Have Code, Will Travel

December 10, 2009

Database Standards and Conventions

Filed under: SQL — Phil Sandler @ 4:38 pm
Tags:

I was asked recently to write up a basic set of database standards and methodologies we would be using for an upcoming project.  I tend to use the same standards on every project that I manage, and I am usually the final authority on determining our approach, so there usually isn’t a lot of discussion around this topic.  However, in this case the client wanted some insight into our best practices, so we needed to hash it out and provide it in writing.

As a general matter, I feel strongly that having a set of standards, any standards, is preferable to everyone just doing things in their own way.  I would prefer to have a terrible standard that everyone follows than to not have a standard at all–this goes for all aspects of the code base: the database, application code, javascript, CSS, etc.  Obviously, having a solid standard that is rooted in pragmatism is preferable to one that is thrown together with little or no thought, or is based on an outdated principle (e.g. scarcity of storage space or Hungarian notation). I believe that conforming to a solid standard is one of the keys to developing maintainable software.

Anyway, here are my thoughts on data modeling standards and conventions.  It’s basically just a brain dump at this point, and I am posting it (almost) verbatim from the initial, informal draft, with minor commentary in italics.

Modeling and Design

The logical and physical database modeling will be created up front, and will be built to reflect our best understanding of the data storage/retrieval requirements of the system.

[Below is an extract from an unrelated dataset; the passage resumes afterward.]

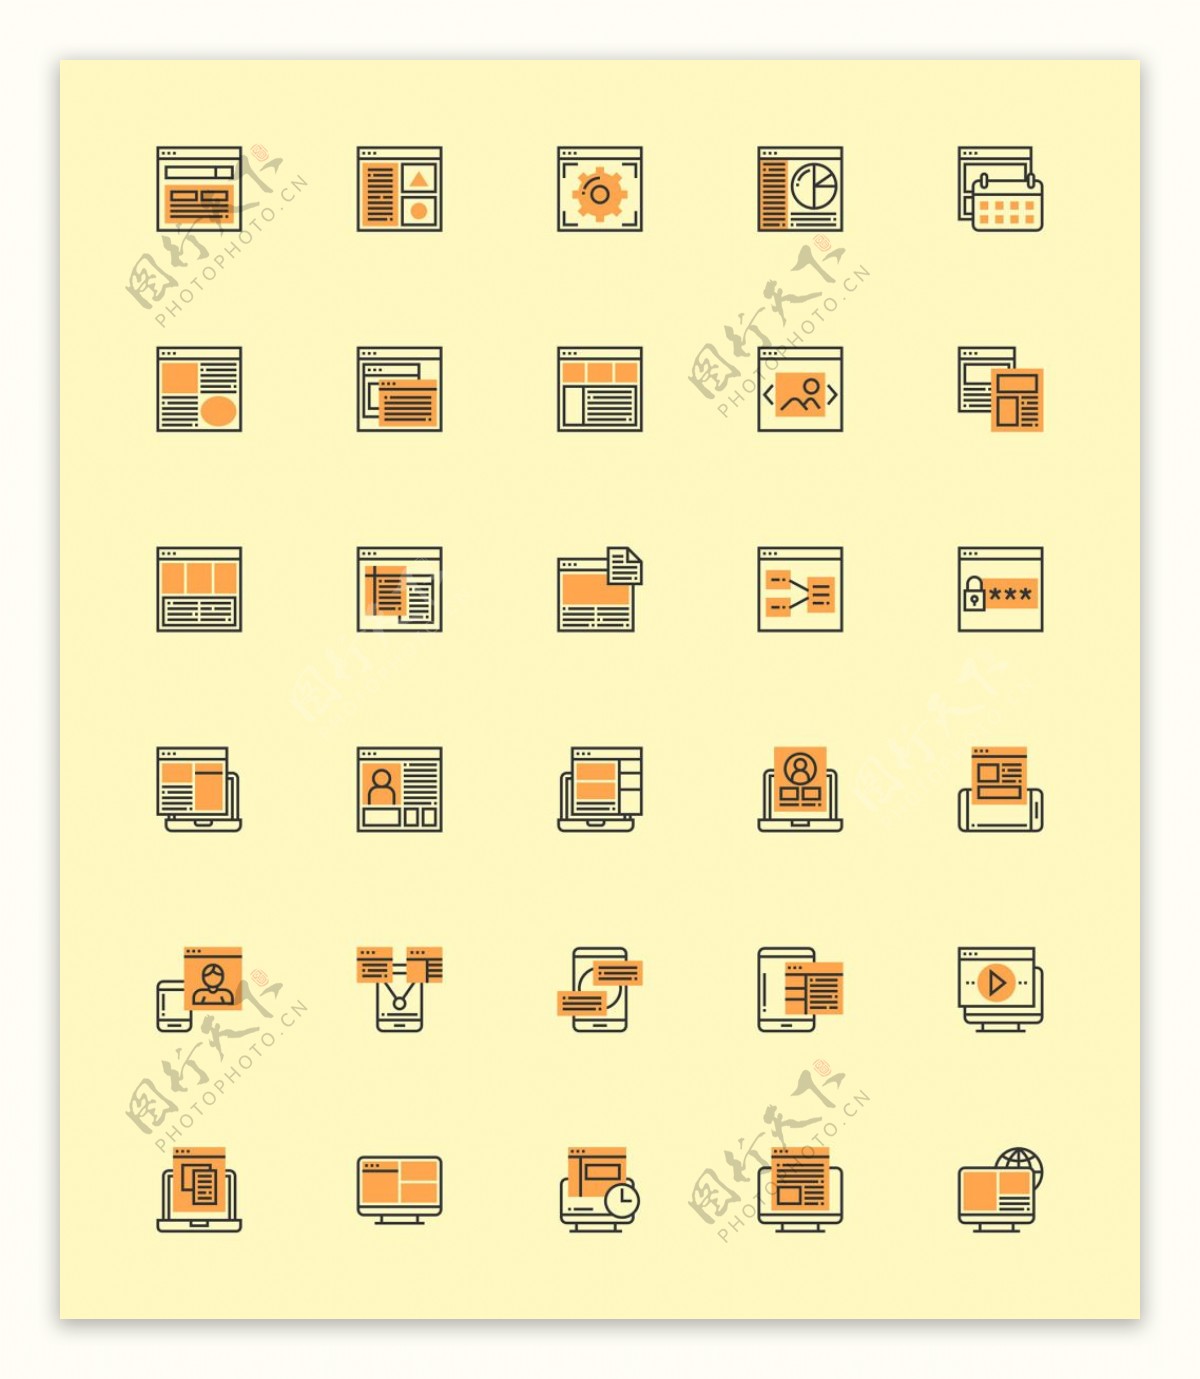 30枚用户界面元素图标sketch素材

Although the deployed database may be generated using [our ORM’s] schema export tool, the database will be designed and modeled up front, and independently of the application domain model. In other words, we will not design the database to conform with the domain structure, nor design the domain structure to conform with the database—we will develop each independently and use [our ORM tool] to bridge the gap.

This is something I firmly believe it: your data model is at least as important as your domain model, and should reflect the absolute best practices for the storing and querying of the system’s data.  The data model is not an afterthought or an implementation detail—it is one of the core components of your system.

I may do a full post on this specific point, as I have pretty strong opinions on it.  🙂

Naming Conventions

  • Every effort will be made to make each identifier in the database as descriptive and expressive as possible.
  • Unless noted elsewhere, identifiers will not use a type-specific prefix (e.g. tables will not begin with “tbl”, views will not begin with “vw”).
  • All table, column, and view names will be expressed in lower case letters.
  • All table, column, and view names will be singular (“customer” instead of “customers”).
  • Words that make up table, column, and view names will be separated by an underscore (e.g. “customer_status_id”).
  • Words that make up table, column, and view names will not be abbreviated, concatenated, or acronym-based unless necessary.
  • Many-to-many table names will include both related table names, when possible.
  • Where appropriate, column names will be prefixed with their table name (“customer_id” instead of “id”).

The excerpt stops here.